[Corpora-List] New Release from the LDC

Wed Aug 21 20:28:28 UTC 2002

       *   West Point Arabic Speech Corpus   *

The Linguistic Data Consortium (LDC) is pleased to announce the
availability of the West Point Arabic Speech Corpus.

This corpus contains speech data that was collected and processed
by members of the Department of Foreign Languages at the United
States Military Academy at West Point and the Center For Technology
Enhanced Language Learning (CTELL), as part of an effort called
'Project Santiago'.  The original purpose of this corpus was to
train acoustic models for automatic speech recognition that could
be used as an aid in teaching Arabic to West Point cadets.

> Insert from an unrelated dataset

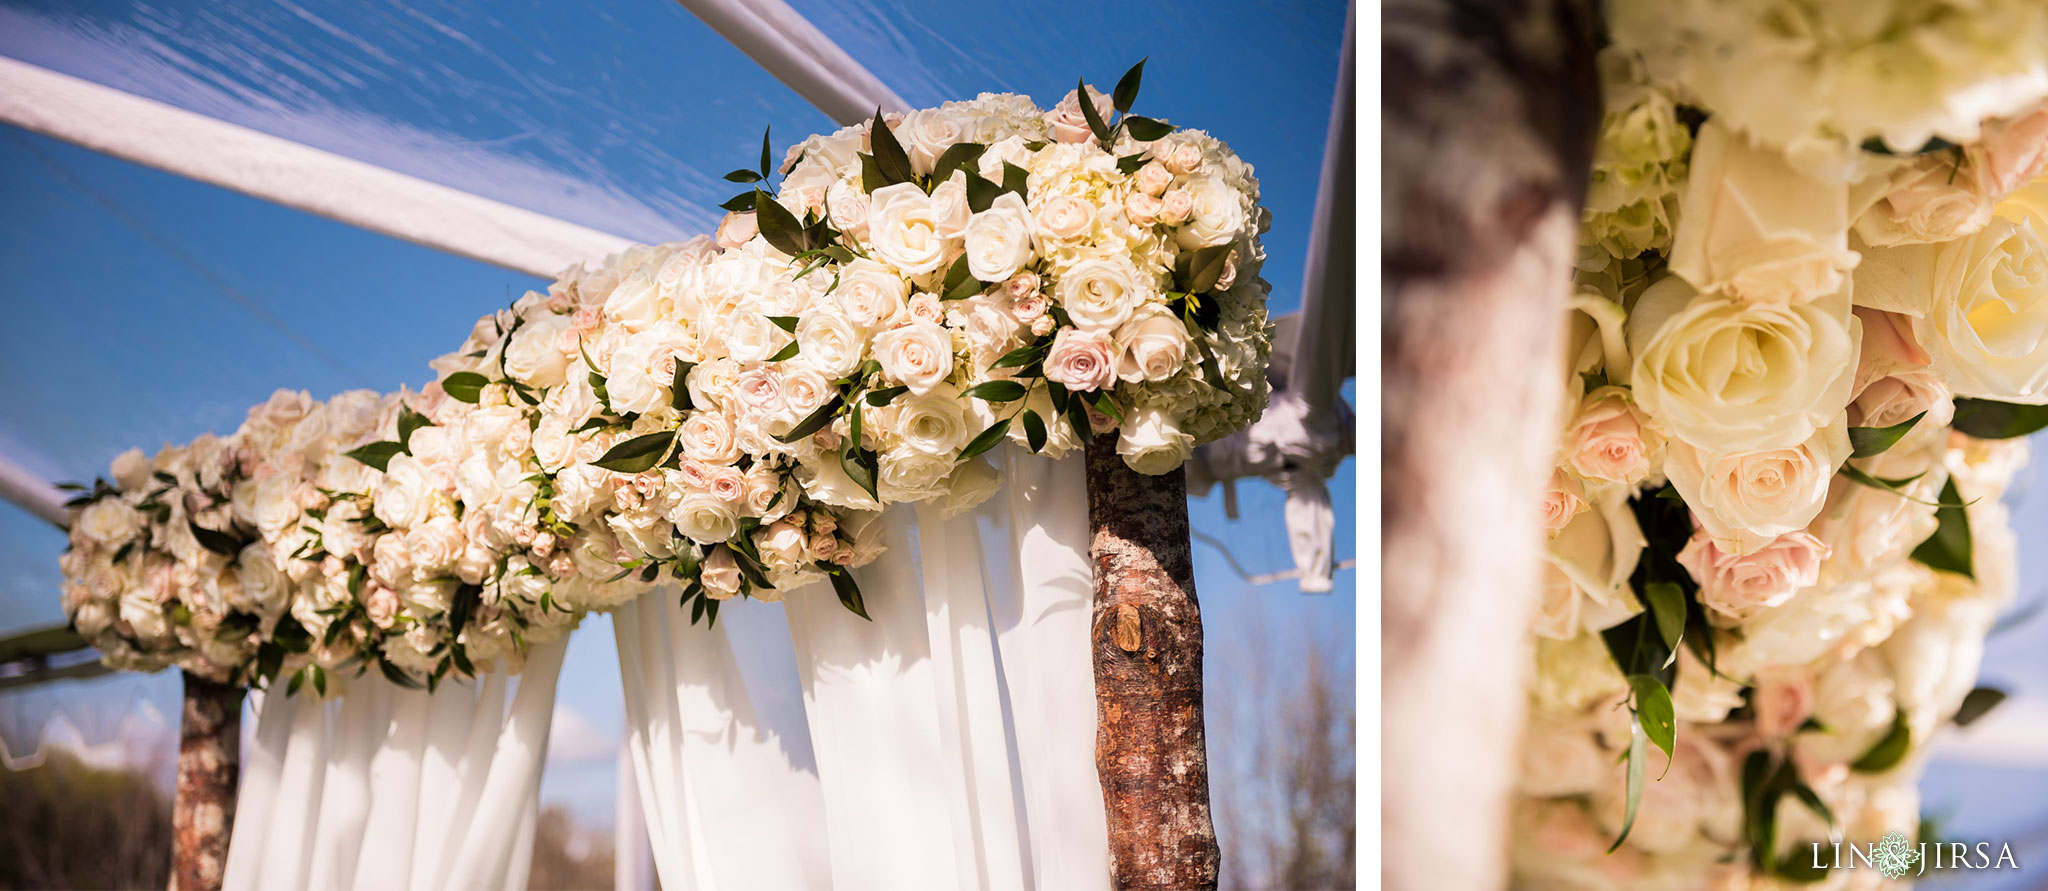 19 sherwood country club ventura county wedding ceremony photography

The West Point Arabic Speech Corpus consists of 8,516 speech files,
totaling 1.7 gigabytes or 11.42 hours of speech data. Each speech
file represents one person reciting one prompt from one of four
prompt scripts.

For further information, including online documentation, please visit:

http://www.ldc.upenn.edu/Catalog/LDC2002S02.html

Institutions that have membership in the LDC during the 2002
Membership Year will be able to receive this corpus free of charge.
Nonmembers may purchase this publication for $600.

			   *

If you need additional information before placing your order, or
would like to inquire about membership in the LDC, please send email
to <ldc at ldc.upenn.edu> or call (215) 573-1275.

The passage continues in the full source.